Sixteen. That’s the number Jan Sciulli remembers. It was the worst 16 minutes of her life.
Her husband was attending the 10 am Saturday Shabbat services at the Tree of Life Synagogue.
It was nearly the same time that police say a 46-year-old man carried three handguns and an assault weapon into the synagogue and began firing, killing 11.
Sciulli tried her husband’s cellphone and he didn’t answer. She never heard from her husband for 16 minutes. “It was a sick feeling,” she recalls.
Sciulli’s husband, Lou Fineberg, was walking through the temple’s parking lot when his friends motioned frantically for him to stay away from the door. “They saw broken glass and heard gunshots and were calling 911,” Fineberg said.
Fineberg is a regular at Saturday services and previously found “peace and solace” inside the synagogue. He later discovered his friend Jerry Rabinowitz was one of the dead. Fineberg talks about Rabinowitz as a backbone of the Saturday services, “He would always welcome everyone with such joy.”
Elderly Victims
The Pittsburgh, Pennsylvania, tight-knit Jewish community of Squirrel Hill is learning how to deal with this hate crime, while coping with their grief. Beautiful stately brick houses with slate roofs line the leafy streets. Families of four generations live here, go to school here, and attend temple. It’s the type of community where everyone at least knows someone who knows someone. The dead — eight men and three women — ranged in age from 54 to 97. They included a husband and wife, two brothers, and a family practitioner.

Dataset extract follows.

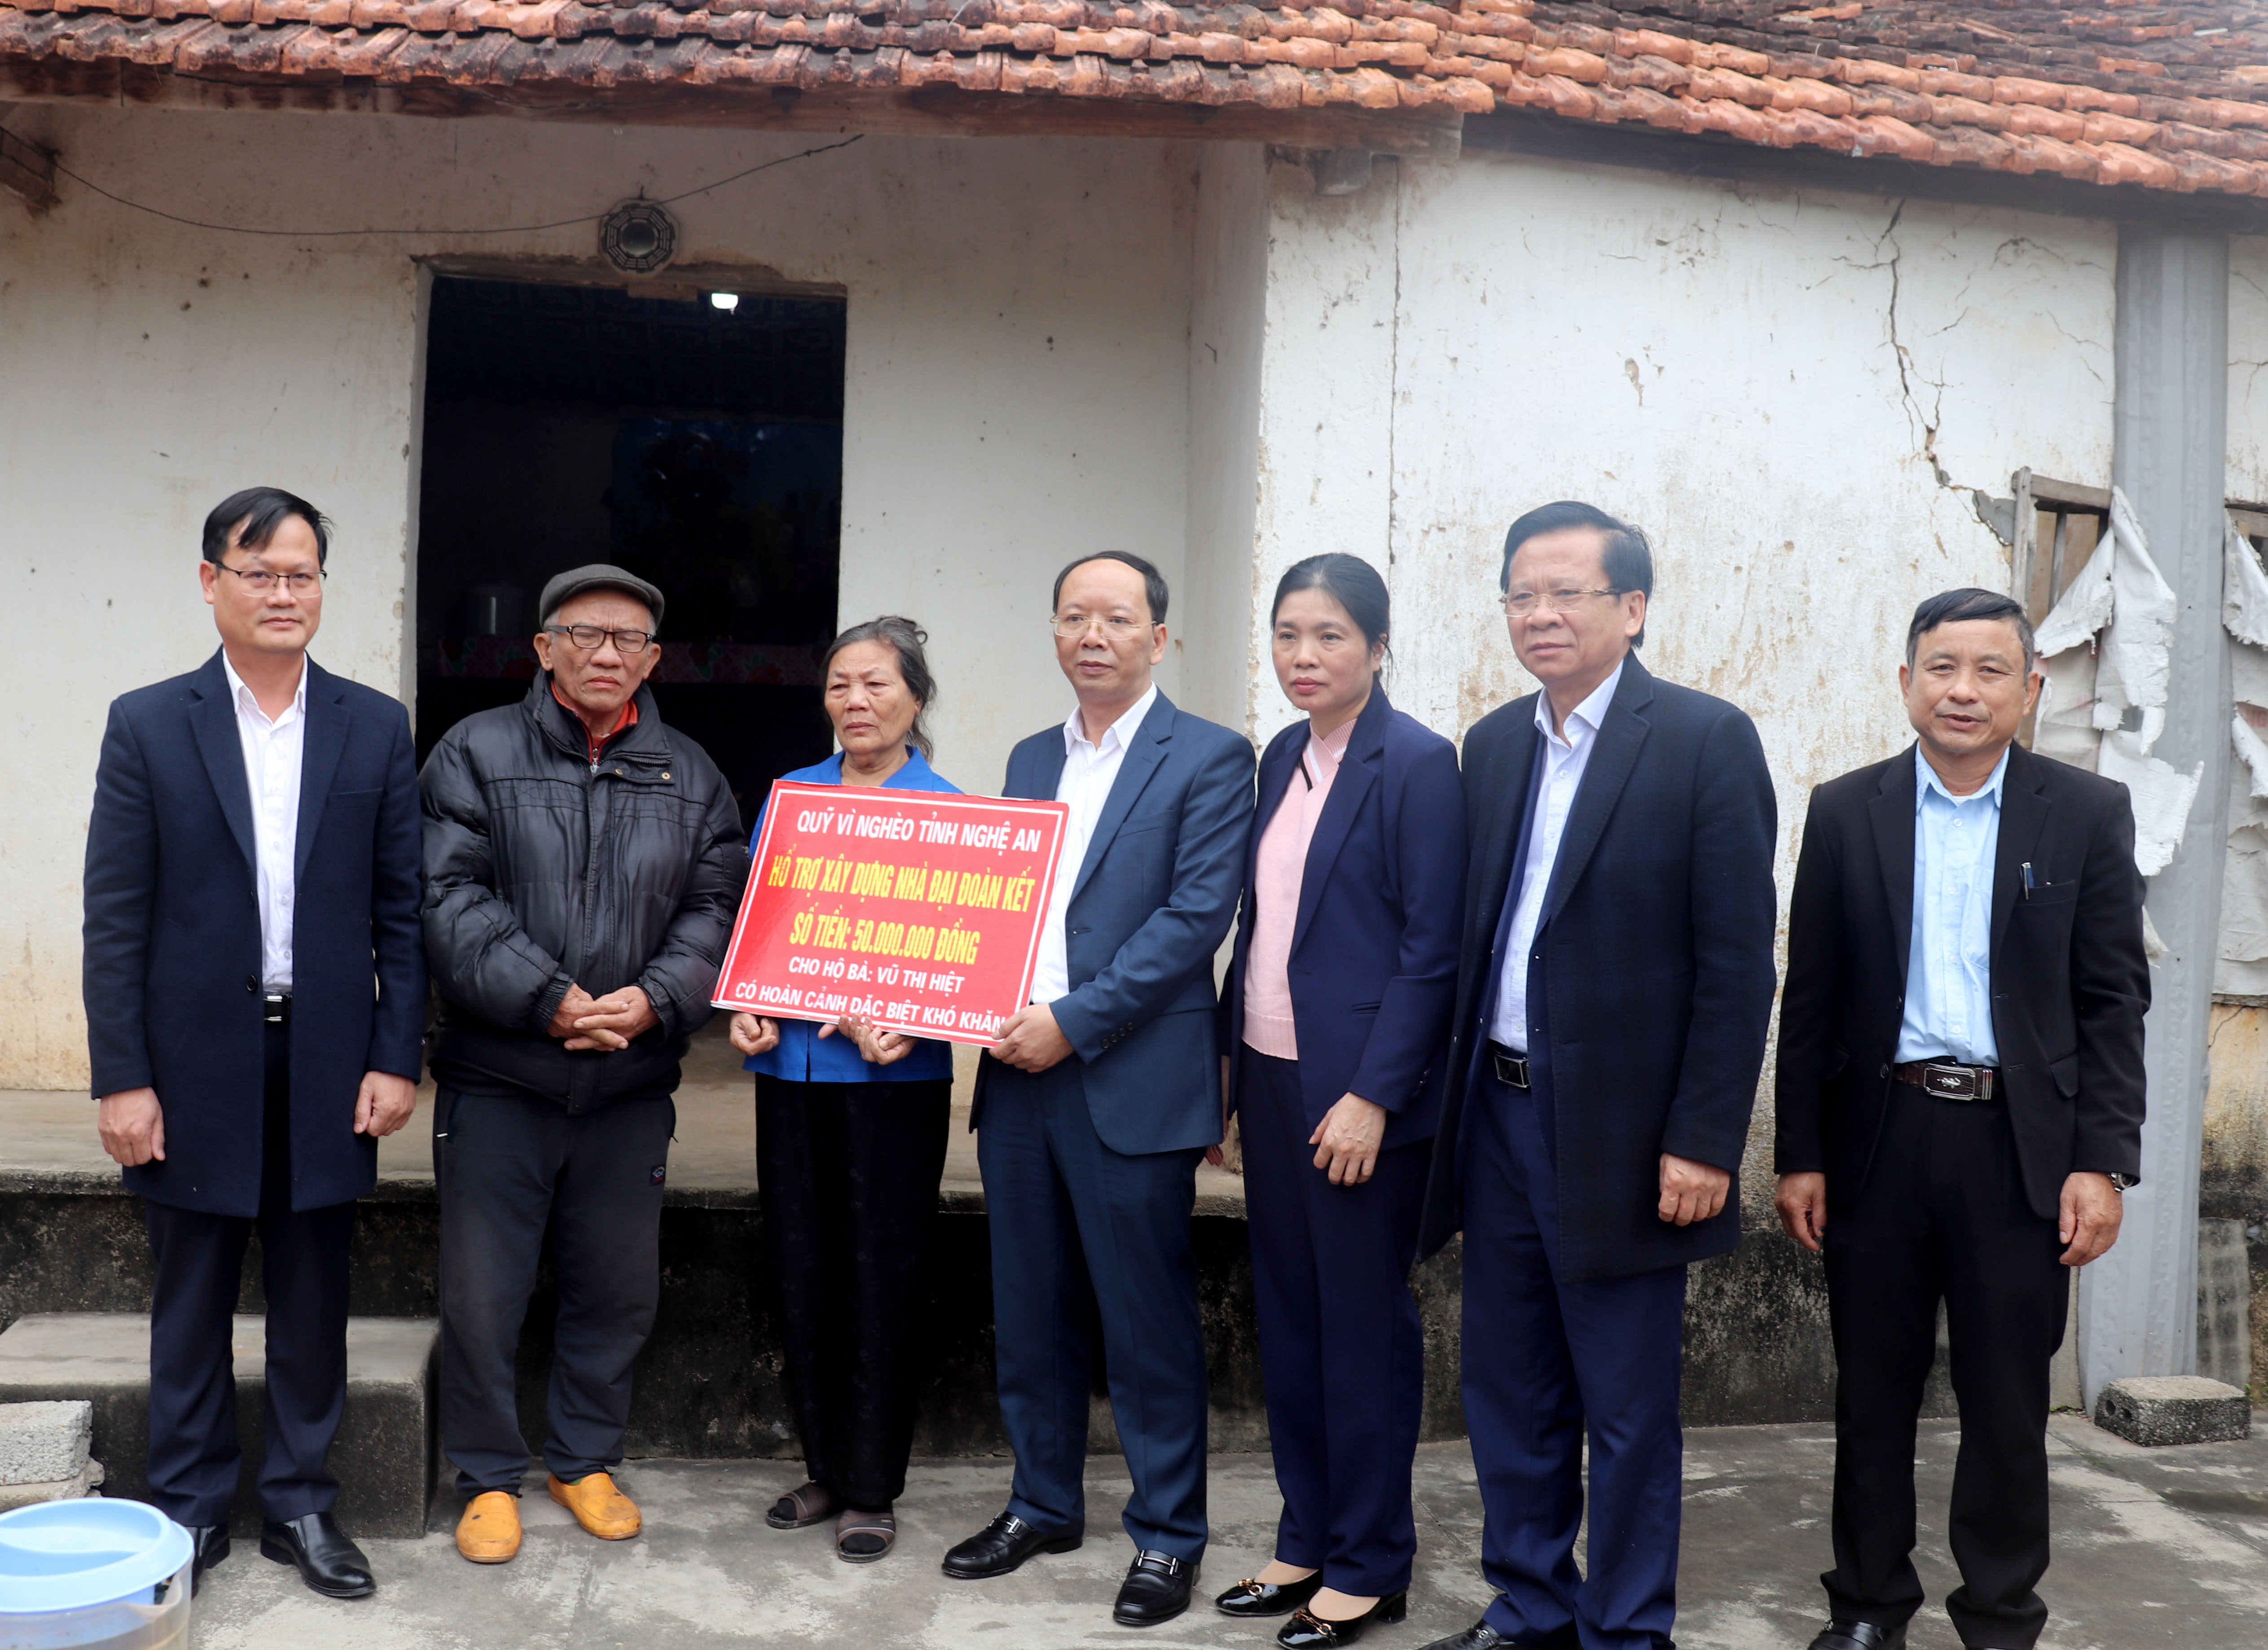 Đồng chí Bùi Thanh An - Chủ nhiệm UBKT Tỉnh ủy trao số tiền 50 triệu đồng làm nhà đại đoàn kết cho gia đình bà Vũ Thị Hiệt ở xóm Vĩnh Tiến, xã Vĩnh Thành.
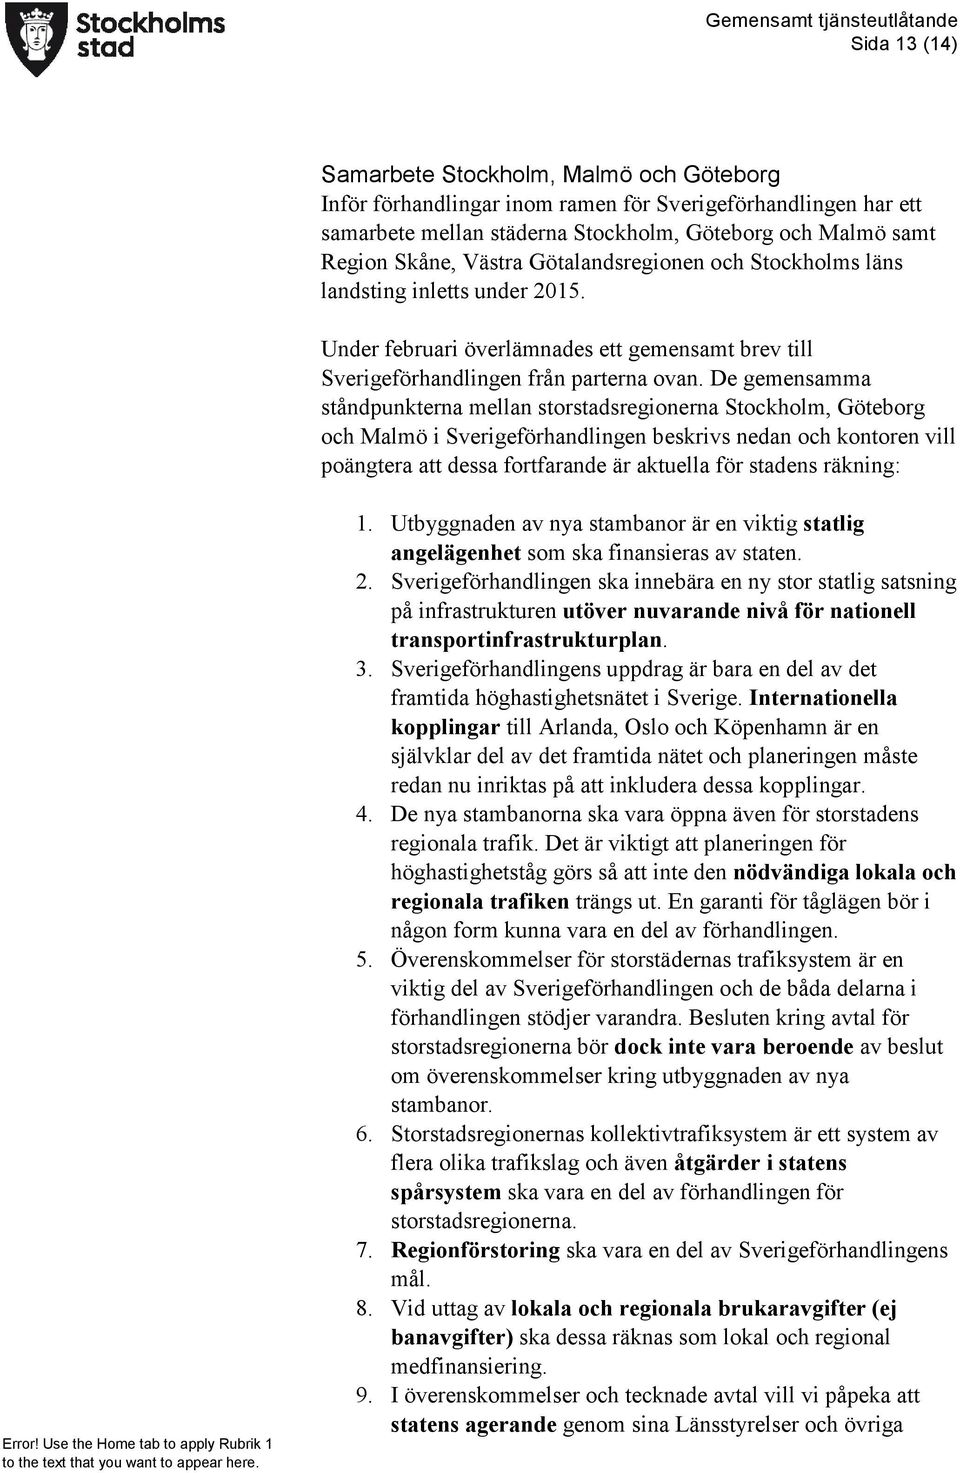 De gemensamma ståndpunkterna mellan storstadsregionerna Stockholm, Göteborg och Malmö i Sverigeförhandlingen beskrivs nedan och kontoren vill poängtera att dessa fortfarande är aktuella för stadens

Sara Stock Mayo used to babysit the children of one victim. She lives a few houses away from the Tree of Life Synagogue. The shooting won’t force her to change any of her patterns, but Stock Mayo does think the Jewish community will “assess what security looks like in religious institutions.”She said places of worship in the United States have always opened their doors to welcome everyone but she thinks the attacks might affect that, “It just makes me sad.”
Federal Criminal Charges
Police have charged Robert Bowers of Pittsburgh with 29 criminal charges, including hate crimes. Prosecutors say they will ask for the death penalty. Officials say he was armed with an AR-15 assault weapon and three handguns. Inside the synagogue, he yelled “All Jews must die,” believing that Jews "were committing genocide to his people." In a final on-line posting just before the attack, Bowers wrote, “I can't wait while my people are getting slaughtered...I'm going in."
Unifying Not Dividing
Ironically, hate is what brought thousands together to celebrate unity and love Sunday night at an interfaith prayer vigil at Soldiers and Sailors Memorial Hall in Oakland, Pennsylvania, a little over three kilometers from the synagogue. There was not an empty seat inside the hall that seats 2,300 and another 1,000 people were in the overflow crowd, huddling around loudspeakers in the rain outside.
Jeffrey Finkelstein, the CEO of the Jewish Federation of Greater Pittsburgh explained the size of the crowd, saying residents need “the comfort of each other.”
One by one, religious leaders from differing philosophies took to the microphone. Wasi Mohamed, the Executive Director of the Islamic Center of Pittsburgh said he refuses to remember “one individual filled with darkness.” Instead he will remember during this time the light of the thousands who attended the Interfaith vigil and the support of Americans from all over the country.